Маршал Саксонский велел отвезти его повозку на холм, с вершины которого он мог управлять битвой. Его поразительная интуиция, помогавшая ему в каждый момент боя разгадывать намерения противника, помогла ему и сейчас: он сразу понял смысл маневра Камберленда.
– Введите в бой всю артиллерию! – закричал он изо всех сил.
Пятнадцать связных офицеров в ту же секунду бросились передавать его приказ. Из-под копыт лошадей полетели клочья земли, которые засыпали Фанфана, с трепетом ловившего каждое слово военачальника.
Неподалеку, на небольшом бугорке, окруженные своими главными помощниками, король и дофин, верхом, наблюдали в зрительную трубу за тем, как разворачивается начало гигантского сражения.

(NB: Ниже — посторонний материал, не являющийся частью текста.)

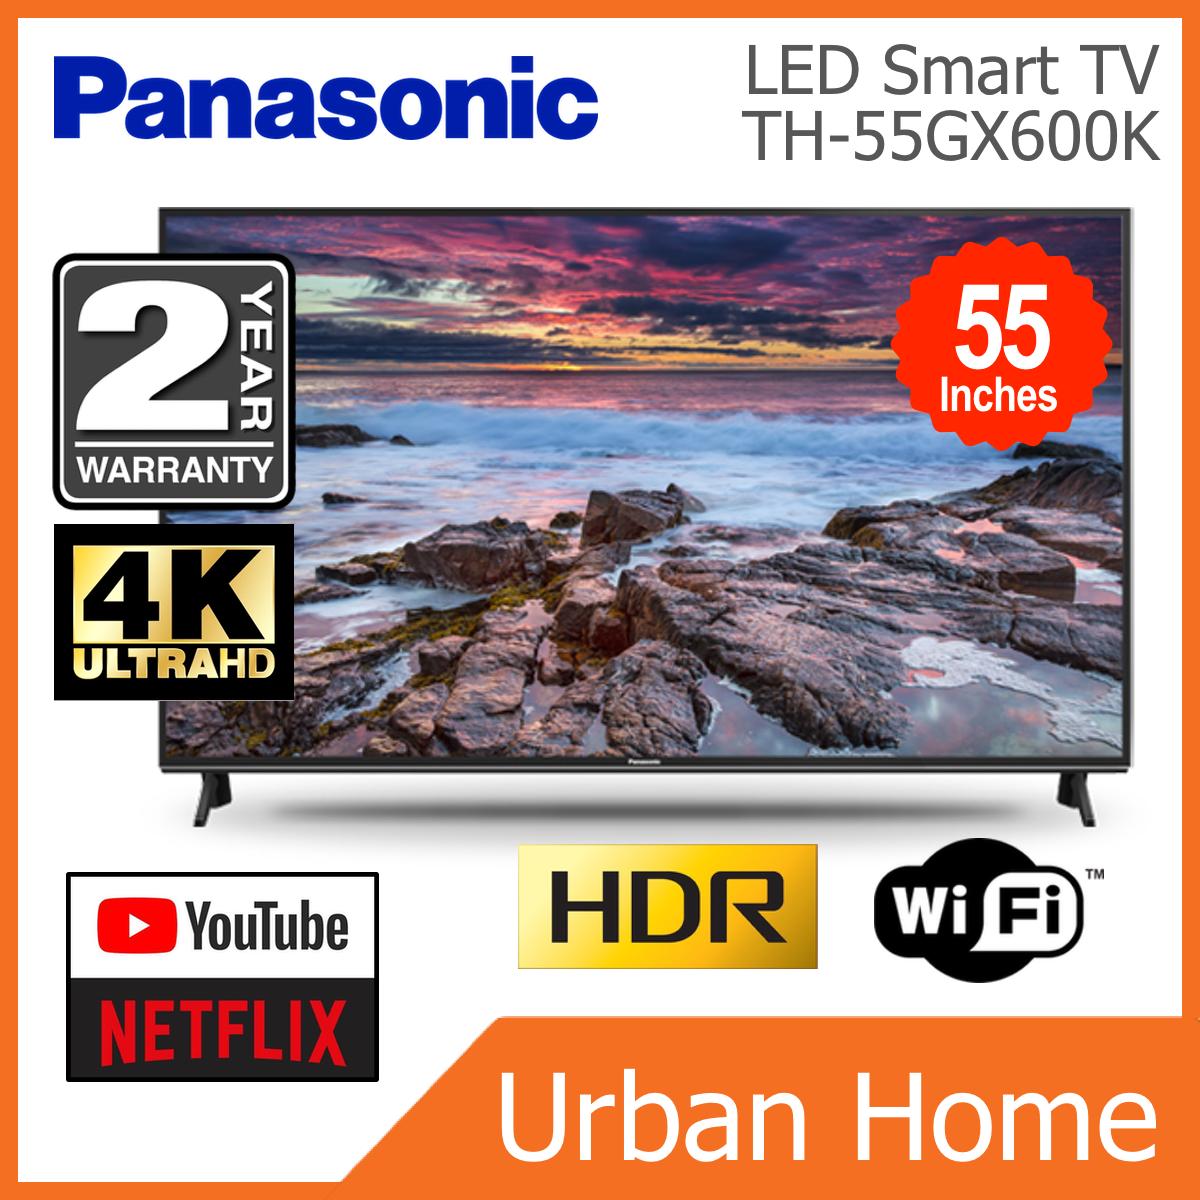 "PANASONIC 55"" 4K UHD HDR LED Smart TV (TH-55GX600K/TH55GX600K/TH-55GX600/TH55GX600)"

Эхо Фландрии подхватило раскаты залпов всей французской артиллерии сразу. Артиллеристы, как на параде, непрерывно заряжали пушки, заталкивая в них заряды. Стрелки зажигали фитили, и как только пушки выпускали ядра, их тут же заряжали снова. Офицеры корректировали наводку. Все действовали слаженно и точно, как настоящие мастера. Одна из батарей полка Мэзон дю Руа, отлично наведенная, проделала кровавые прорехи в ганноверском полку англичан. В их рядах началось смятение. Камберленд, наблюдавший за ходом операции, заметил опустошения, произведенные французскими пушками. Выкрикивая приказ за приказом, он ругался и богохульствовал как одержимый. Сразу же два галльских батальона пришли на помощь ганноверцам, но и они понесли большие потери от артиллерийского залпа, пригвоздившего их к месту. Тогда князь Вальдек бросил на поле сражения эскадрон улан, но новые ряды скошенных ядрами людей и лошадей легли на землю. В этой бойне уцелело всего полтора десятка человек.
Трижды голландцы шли в атаку на деревню Антуан и трижды вынуждены были отступить. Англичане не смогли продвинуться. В деревне Фонтенуа жители дважды видели, как они совсем близко подходили к домам, но ужасающий артиллерийский огонь безжалостно отбрасывал их назад, и они отступали, покрытые ранами.
Ситуация складывалась для Британской империи неудачно. Морис Саксонский, которого болезнь держала прикованным к подушкам, преодолевая боль, улыбался, сидя в своем возке. Потом он приказал везти его к старому маршалу де Ноай, который сначала был его начальником, а потом сам попросил разрешения участвовать в боях под его командованием и показал образец дисциплины и беспрекословного повиновения.
Камберленд задыхался от ярости. Люрбек, находившийся с ним рядом, тоже чувствовал себя скверно. Вдруг появился Кенигсмарк, раненный в лоб. В мозгу австрийца зародилась новая идея, и он умолял англичан ее осуществить. Речь шла о дерзком маневре – соединиться с английской и немецкой пехотой, поддержать ее мобильной артиллерией и направить мощный удар на центр французских войск, находящийся между лесом Барри и деревней Фонтенуа. И уж если вся эта масса, созданная из лучших войск обоих королевств и построенная углом, который ударит по французам, не сможет углубиться в расположение противника, тогда останется только примириться с мыслью об отступлении.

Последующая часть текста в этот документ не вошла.